NLRB Issues “Election Protection” Final Rule
On April 1, 2020, the National Labor Relations Board issued its anticipated “Election Protection” final rule. (Last August, the Board issued the Notice of Proposed Rulemaking, which we discussed here.) The final rule differs in some respects from the proposed rule. But the issuance of the final rule will unquestionably be viewed positively by employers. The final rule is now scheduled to become effective on July 31, 2020.
The final rule amends representation case (“R Case”) regulations in three ways:
- Blocking Charges: The final rule institutes a vote-and-impound procedure only in certain cases. Specifically, impoundment is required where unfair labor practice charges, filed by the party seeking to block the election, allege: (a) violations of 8(a)(1) or (2), or 8(b)(1)(A) of the National Labor Relations Act that challenge the circumstances surrounding the petition or showing of interest in support of the petition; or (b) that an employer has dominated a union in violation of Section 8(a)(2) and seeks to disestablish a bargaining relationship. For all other cases, ballots will be opened and counted, rather than impounded. Regardless of the nature of the charge, the certification of results (or certification of representative) shall be withheld until there is a final disposition of the charge and its effect, if any, on the election. These changes represent a substantial improvement in the Board’s blocking charge policy. Previously, unions or pro-union employees could, in many cases, block a decertification petition from proceeding to an election by filing a charge that claims to create doubt as to the validity of the petition or employees’ ability to make a free and fair choice about continued representation. Now, the Board will proceed to an election even after a blocking charge is filed. The process will allow for employees to cast their vote on representation close in time to when the petition is filed.
- Voluntary Recognition Bar: The final rule re-establishes the notice posting requirement and 45-day open period for filing an election petition following an employer’s grant of voluntary recognition to a union. The Board reasoned that this process accords with the Board’s and courts’ preference for resolving questions concerning representation through a Board-conducted secret-ballot election. Prior to the final rule, an employee or rival union would be precluded from filing a petition following the grant of recognition for at least six (6) months and generally no more than 12 months. But where the employer and union reached an agreement during that voluntary recognition bar period, employees and rival unions may be precluded from filing a petition for up to an additional three (3) years. Thus, where an employer voluntarily recognizes a union, the employer or union must notify the NLRB Regional Office in that jurisdiction. The Regional Office will then send a Board notice to be posted by the employer – and, where appropriate, distributed electronically. Employees or a rival union will have a 45-day open period from the posting of the notice during which an election petition may be filed. If a petition is timely filed, the Regional Office will process the petition; if no petition is timely filed, the recognition bar shall apply for a period of no less than six (6) months and generally no more than 12 months. Additionally, an election petition filed during the 45-day open period will be processed even where the employer and union have reached a collective-bargaining agreement. Notably, the final rule’s provisions are applicable to voluntary recognition extended on or after the rule’s effective date.

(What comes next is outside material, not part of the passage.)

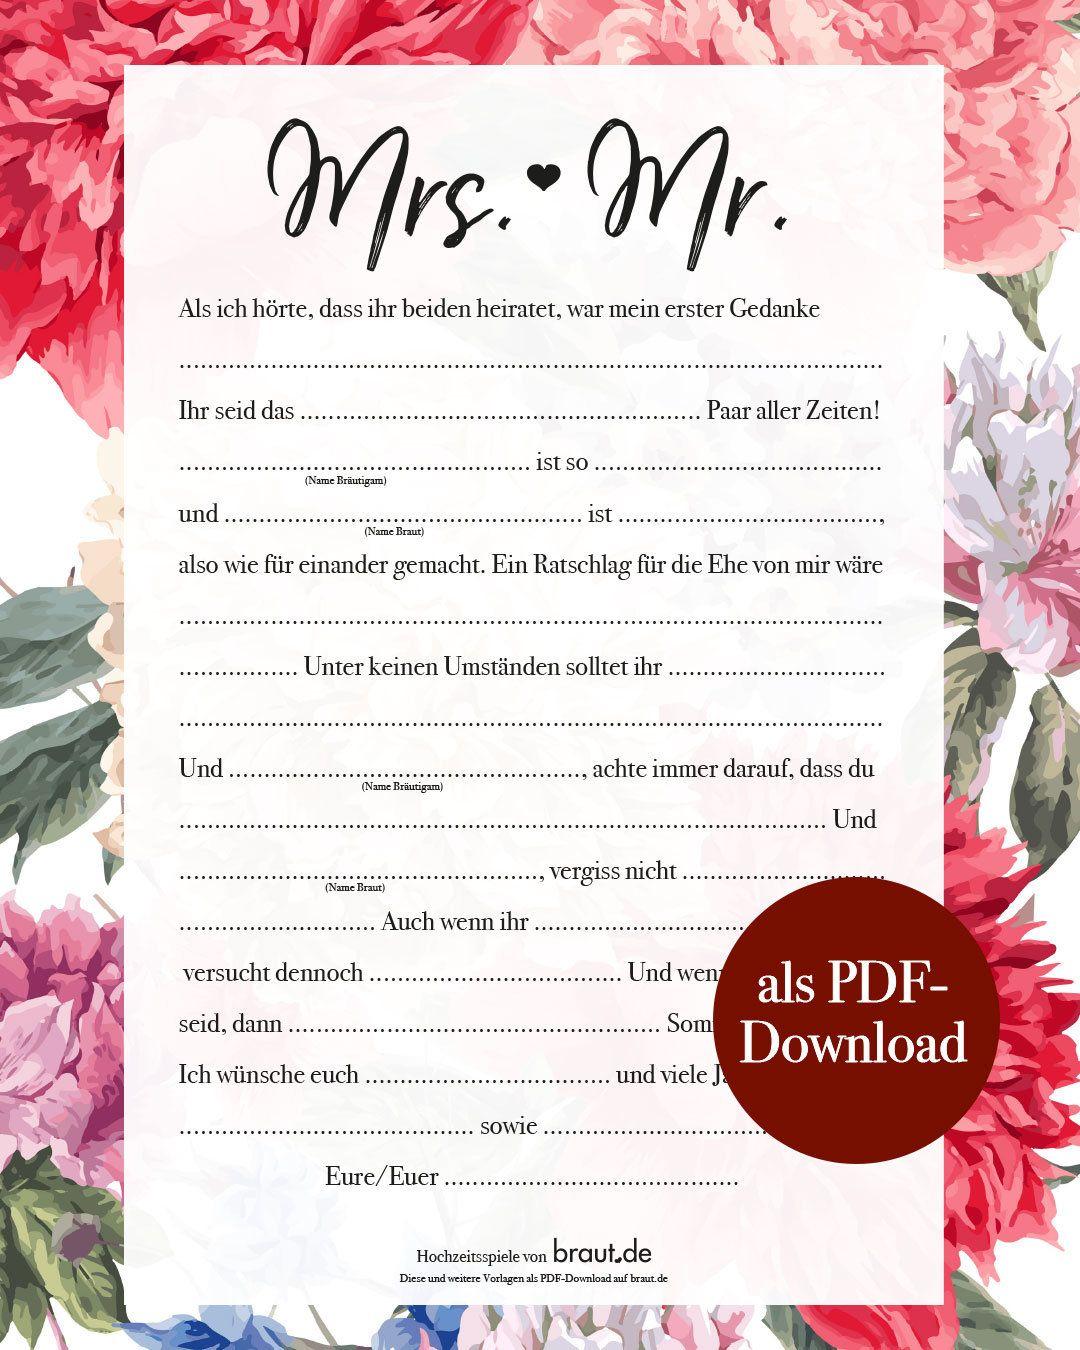 Lustige Hochzeitsspiele für Gäste - Heiraten mit braut.de in 2020 | Hochzeit spiele
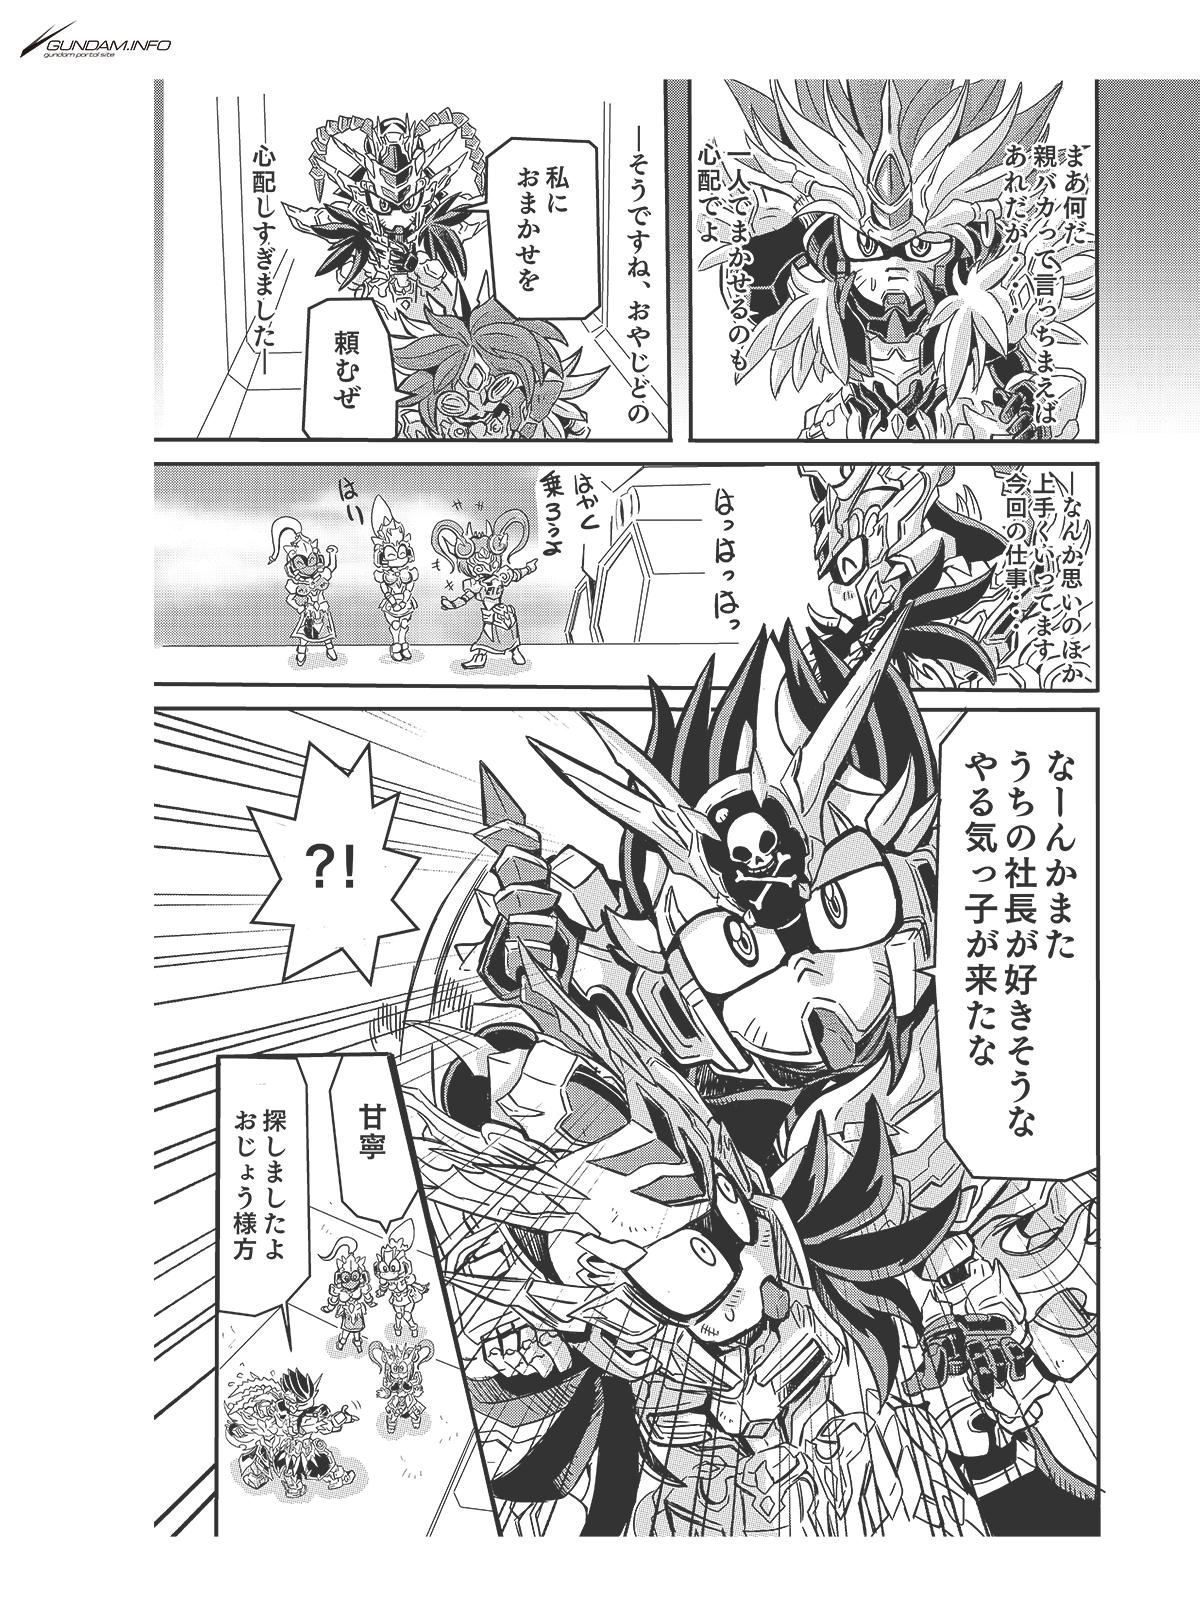 SDガンダムワールド 三国創傑伝 焔虎譚 第5話 P9

- Proof of Majority-Based Recognition in the Construction Industry: Section 8(f) of the NLRA allows construction employers to recognize a union even in the absence of majority support. In many cases, this recognition may occur before the employer has hired any employees (i.e., “pre-hire agreements”). This is an exception to the majority-based requirement for establishing a bargaining relationship mandated by Section 9(a) of the Act applicable to non-construction employers. When an 8(f) agreement expires, the employer is under no duty to continue bargaining with that union – which, of course, is not true of a 9(a) relationship for non-construction employers. Prior to the final rule, employers and unions could “convert” the 8(f) relationship to a 9(a) relationship by contract language alone – and without any evidence of a contemporaneous showing of majority support. Consequently, construction employees would be precluded from filing a petition for up to an additional three years by the Board’s contract bar doctrine. Under the final rule, employers and unions representing construction-industry employees can only establish a Section 9(a) bargaining relationship based on positive evidence – rather than contract language alone – of employees’ majority support for the union. The final rule prevents construction employees from being “locked in,” by contract language alone, to several years of union representation where a union may have never had evidence of majority support.
The Board’s final rule removes unnecessary barriers to fair and prompt resolution of questions concerning representation. Blocking charges will no longer delay elections indefinitely. Employees and rival unions will be able to file a petition in the weeks following voluntary recognition, which will trigger the preferred secret-ballot election to determine whether the union has majority support. Finally, construction employers and unions cannot convert an 8(f) bargaining relationship to a 9(a) relationship – and the contract bar principles that come with it – absent evidence of majority support of the union.